**Description of the task**
Reproduce the listing word for word, leaving every picture behind.

**Collected material**
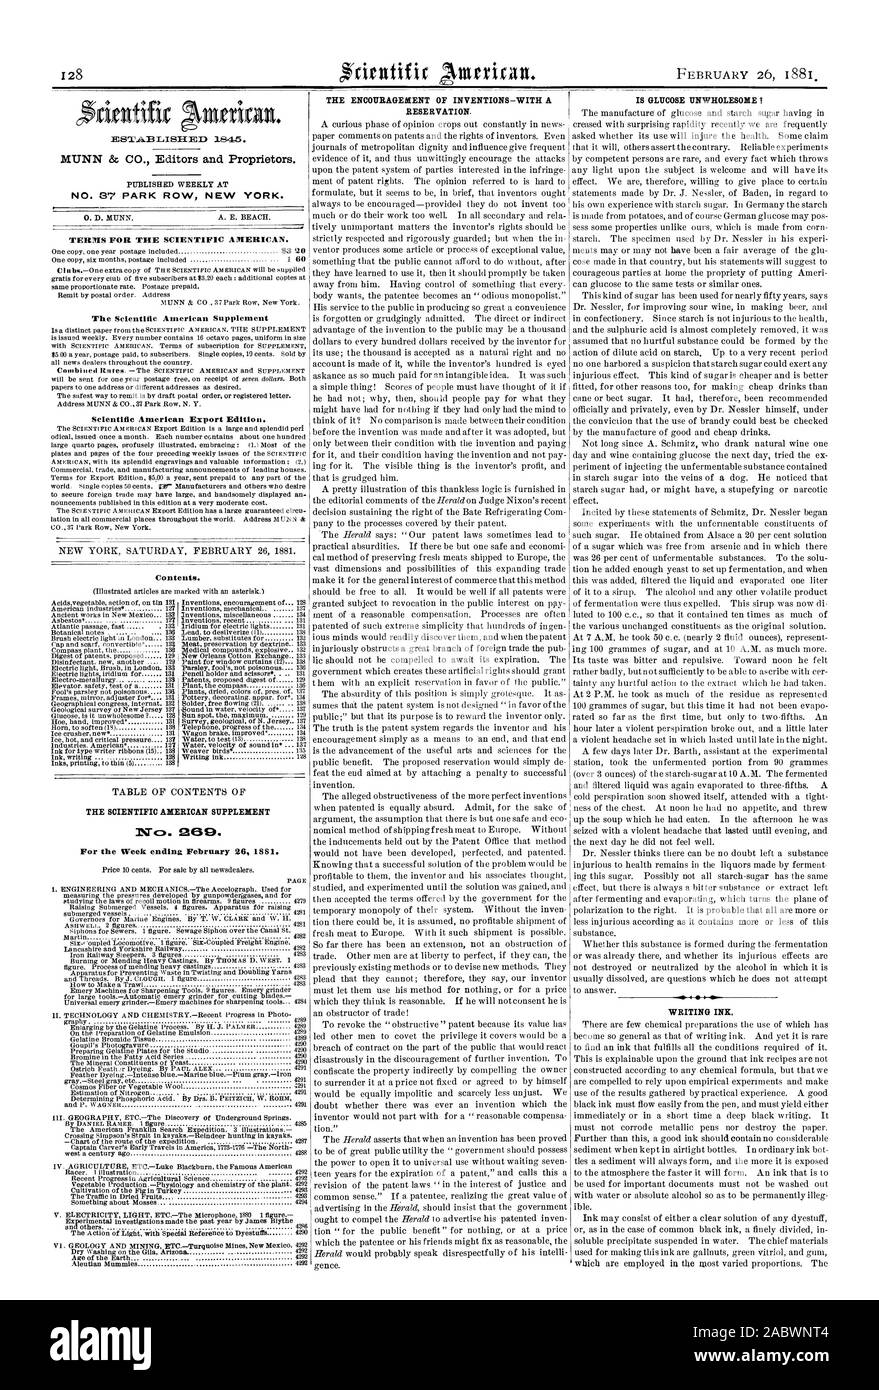 IBST'AB 1ISH EEO 1845. PUBLISHED WEEKLY AT 0. D. MUNN. A. E. BEACH. TERMS FOR THE SCIENTIFIC AMERICAN. The Scientific American Supplement Scientific American Export Edition. Contents. THE SCIENTIFIC AMERICAN SUPPLEMENT 1%Tcy. 209. For the Week ending February 26 1861. THE ENCOURAGEMENT OF INVENTIONS—WITH A WRITING INK., 1881-02-26 Stock Photo
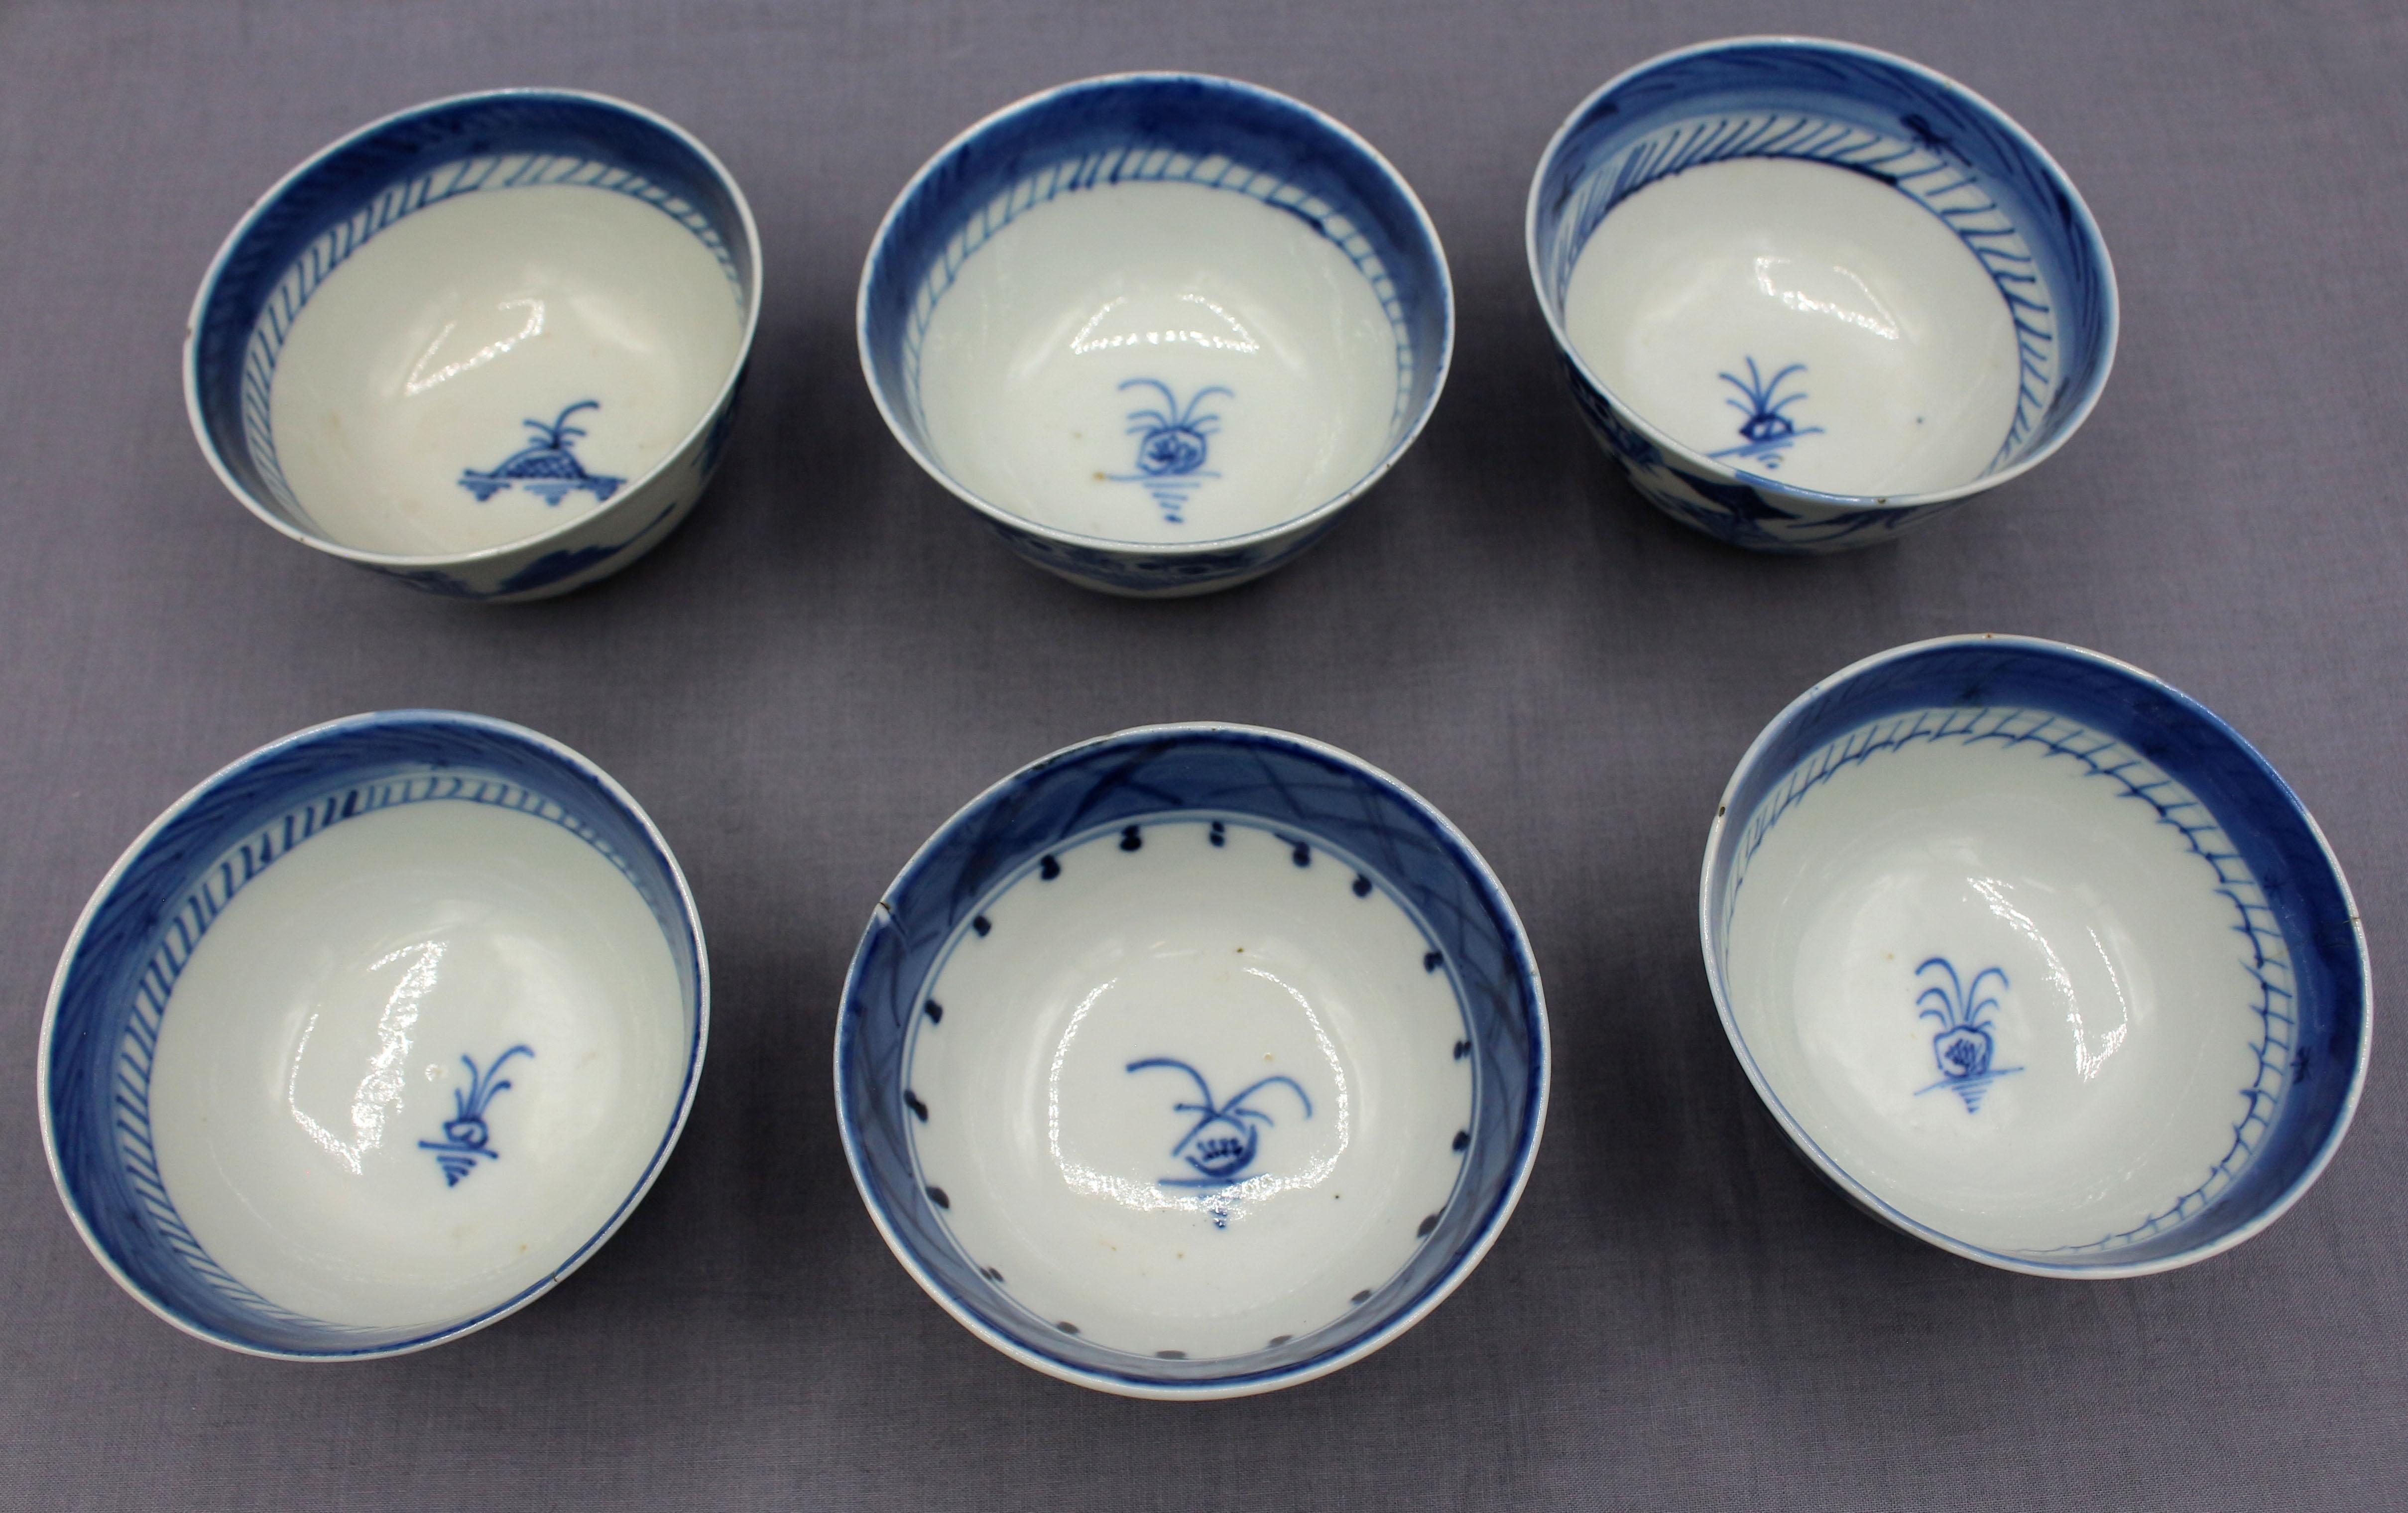 19th century assembled set of 6 Blue Canton small rice or soup bowls, Chinese export. Porcelain. 3 hairlines; minute chips & firing flaws.
3 3/4

**Output**
 IBST'AB 1ISH EEO 1845. PUBLISHED WEEKLY AT 0. D. MUNN. A. E. BEACH. TERMS FOR THE SCIENTIFIC AMERICAN. The Scientific American Supplement Scientific American Export Edition. Contents. THE SCIENTIFIC AMERICAN SUPPLEMENT 1%Tcy. 209. For the Week ending February 26 1861. THE ENCOURAGEMENT OF INVENTIONS—WITH A WRITING INK., 1881-02-26 Stock Photo
 19th century assembled set of 6 Blue Canton small rice or soup bowls, Chinese export. Porcelain. 3 hairlines; minute chips & firing flaws.
3 3/4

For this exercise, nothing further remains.